Edit: I swapped out my code to use some zip code instead , after finding a zip wrapper that was extremely lightweight.

More is not better. (Why I’m frustrated by hearts of Iron 3)

Having been kicked from a game of red orchestra, for no explicable reason (I presume another of many bugs), I fired up Hearts Of Iron 3, to give it another go. I lasted less than 1 hour of game time (5 minutes of real time), and quit in frustration. The game is, in my humble opinion, a design train-wreck of epic proportions, despite being a game production miracle of awe inspiring proportions.

The older and more experienced I get, the more I understand Peter Molyneux. That probably amuses some people…

I remember people giving him a lot of stick about wanting to simplify combat to just one button. I agree, that’s a bit extreme, but the direction is possibly the right one. game designers, especially very insular ones with no hobbies or interests outside games, tend to go way too far in the direction of over-complexity and over features. The result is a game like HOI 3, a game which absolutely bludgeons you with exceptional levels of micro-management and geekery. In my view, Men of War does the same thing. If I can control what ammo is used, what target engaged, what stance is adopted, and what hat is worn by my troops, and even take direct control of them, do NOT give me 150 of them in one mission. That just INSISTS that I will spend most of the battle frustrated, panicked and annoyed. The same is true with HOI3. If you must add diplomacy to the game, please ignore Costa Rica, Guatemala, Andorra, and other countries whose impact on world War 2 was at best marginal. Do you really want to spend world war 2 micromanaging the rate at which you sell electricity to Nicaragua? Really?

Buying production rights from Bhutan, is not something spielberg will make a movie about any time soon.

The usual game-designers excuse for this behavior, to people who complain (like me) is that there are ‘AI-managers’ that you can switch on to handle the tedious stuff. That is a horrible sticking plaster over a gaping wound. Do not tell me that people who enjoy complex turn-based strategy games are happy to turn over some decisions to an AI manager. We are not. We are tyrants and megalomaniacs who want TOTAL control over our universe. We don’t want to admit to anyone, even ourselves, that we are overwhelmed and giving control over something to someone else. I would rather not play HOI3 at all, than play with most of the game being played by the AI. I don’t boot up my PC so the AI can enjoy itself. Ship me a simpler game, that uses less than 800MB of RAM before the menu screen, please…

This, in essence, is part of the rationale behind GSB. GSB does not pretend you can control 300 starships in a complex battle. it admits you can’t, and thus doesn’t make it an option. Some people hate it. Over 100,000 enjoyed it enough to buy it, so I can’t be the only person with this point of view.
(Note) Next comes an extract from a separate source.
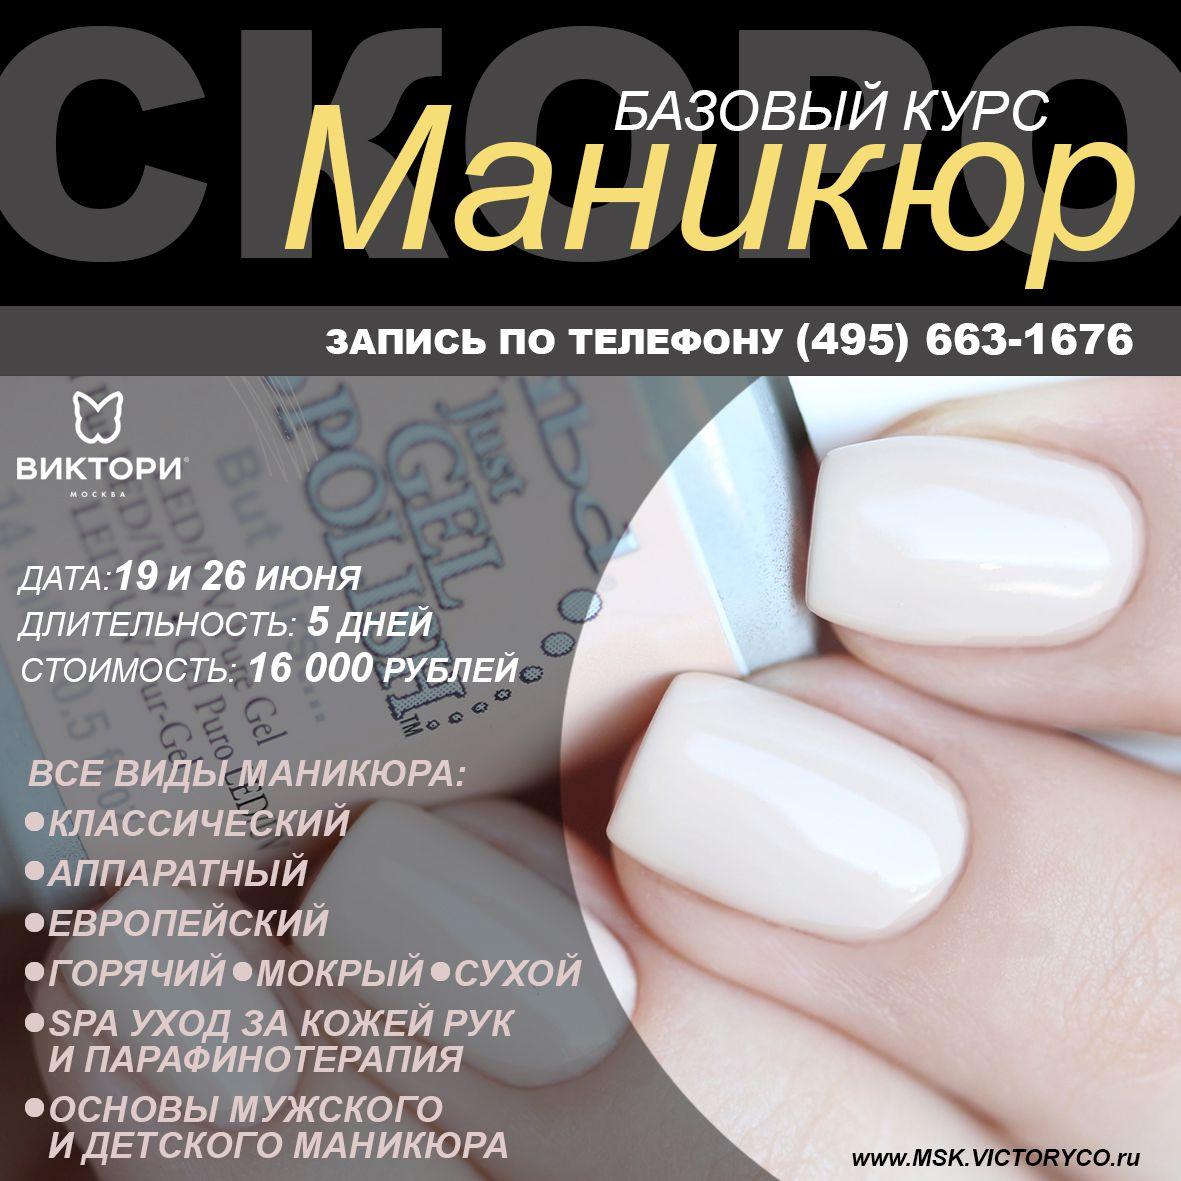 Школа маникюра виктори москва

Controlling all the lasers would be frustrating and hard work, so GSB doesn't make it an option

A company that really *gets* this, is popcap. In game design terms, their products are absolutely awesome. I may not like the styling, or the subject matter, but they know how to boil things down to the bare minimum required to capture a particular feeling. I *want* to feel like I am Winston Churchill, leading the British empire to ultimate victory over the Nazis. The key is, I want to FEEL like I am doing it, not actually do it. I don’t want to give over my life to worrying about the diplomatic situation in pakistan and whether or not the armor plating on the decks of the 23rd oil-transport flotilla that goes from Cuba to Portsmouth is sufficient. Churchill did that because it was his full time job, a matter of life or death, and a neccesity ( and he farmed stuff like that out to underlings, anyway). This isn’t the case when you sit down to play a PC game. You don’t have to find a quiet spot in combat during call of duty to go take a crap. Sometimes, it’s a good idea to leave out the boring stuff.

You might think there are not enough complex strategy games for the PC, and maybe you are right. The problem I have is that we have Popcaps games, and then Hearts Of Iron 3. There isn’t enough stuff in between. I’m trying to fill that gap.